But this all underscores why the Continental radial engine continued in production after the manufacturer and variant rationalisation in early 1944 and the very last Sherman off the line in August '45 was radial-engined. I have seen it written that the radial-engined M4/A1 variants outnumbered M4A3s in US Army service in NW Europe, to the point where remanufactured M4s and A1s were being supplied alongside new M4A3s. I believe that M4A3s were most common in the Pacific.

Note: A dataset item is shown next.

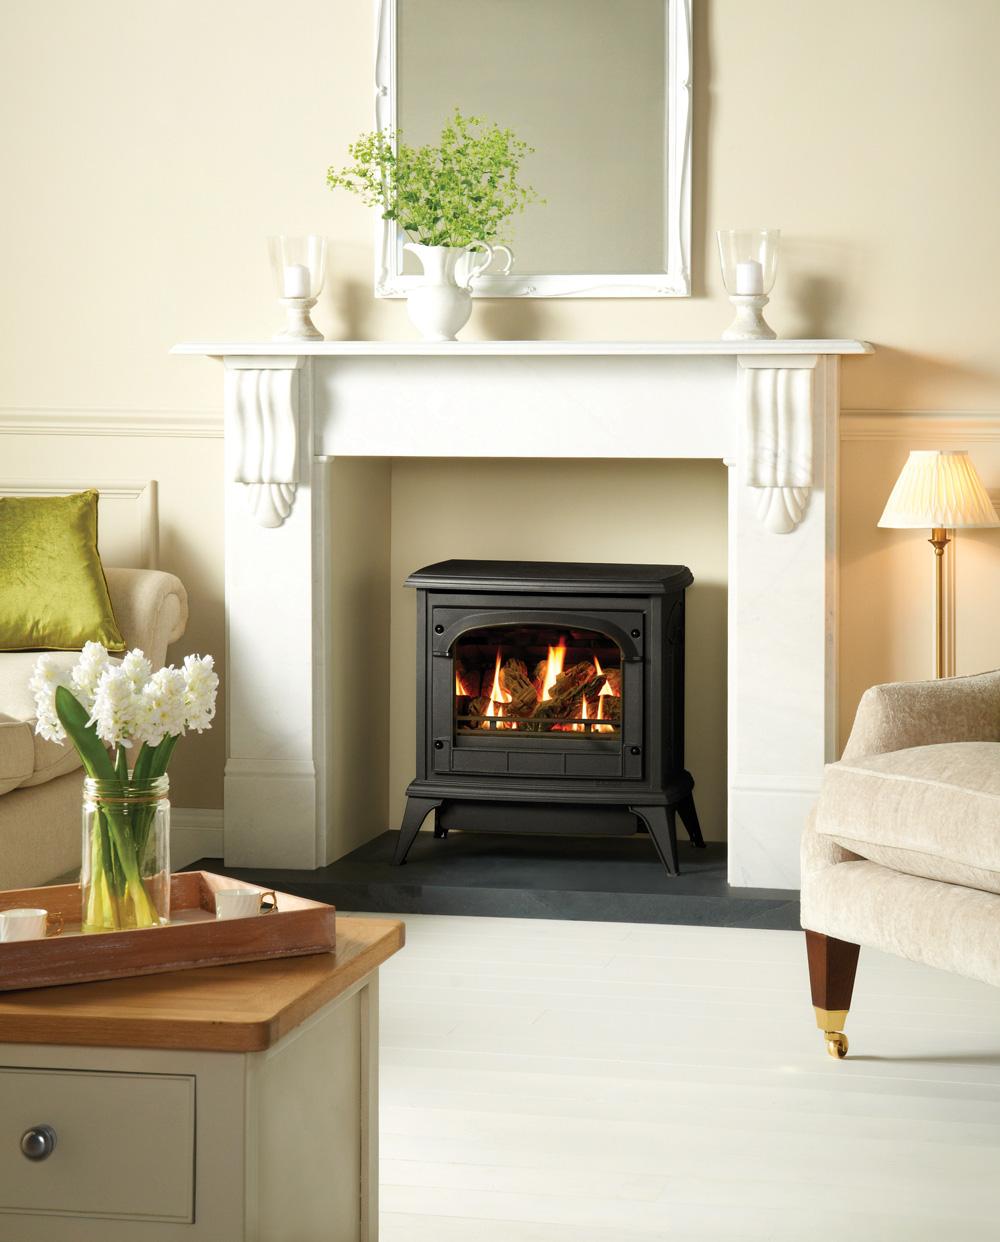 clarendon gas stoves gazco traditional stoves. Black Bedroom Furniture Sets. Home Design Ideas

M4A3s were reserved for US use and not available for Lend-Lease, although Free French units under US command had some and were first to use the 76mm M4A3 in combat. The Soviets would not have wanted them because of the petrol/gasoline fuel. The UK received only 7, never used operationally. Post-war France re-engined the few they retained with the Continental engine, partly for standardisation but also because GAA spares were hard to get.
 
But this all underscores why the Continental radial engine continued in production after the manufacturer and variant rationalisation in early 1944 and the very last Sherman off the line in August '45 was radial-engined. I have seen it written that the radial-engined M4/A1 variants outnumbered M4A3s in US Army service in NW Europe, to the point where remanufactured M4s and A1s were being supplied alongside new M4A3s. I believe that M4A3s were most common in the Pacific.
I was under the impression that the M4A2 was the Pacific theater tank of choice. Diesel powered, because the USN could easily supply diesel.
 
Interesting info. It is well known that the first 1690 "small hatch" M4A3s built by Ford - the only Shermans built by Ford - were retained in the USA for training, replacing a similar number of M4A4s, while the Army and Ordnance were gaining confidence in the GAA before decaring it fit for overseas use. These tanks are extremely rarely seen overseas but are among the most seen preserved in the US.

But this all underscores why the Continental radial engine continued in production after the manufacturer and variant rationalisation in early 1944 and the very last Sherman off the line in August '45 was radial-engined. I have seen it written that the radial-engined M4/A1 variants outnumbered M4A3s in US Army service in NW Europe, to the point where remanufactured M4s and A1s were being supplied alongside new M4A3s. I believe that M4A3s were most common in the Pacific.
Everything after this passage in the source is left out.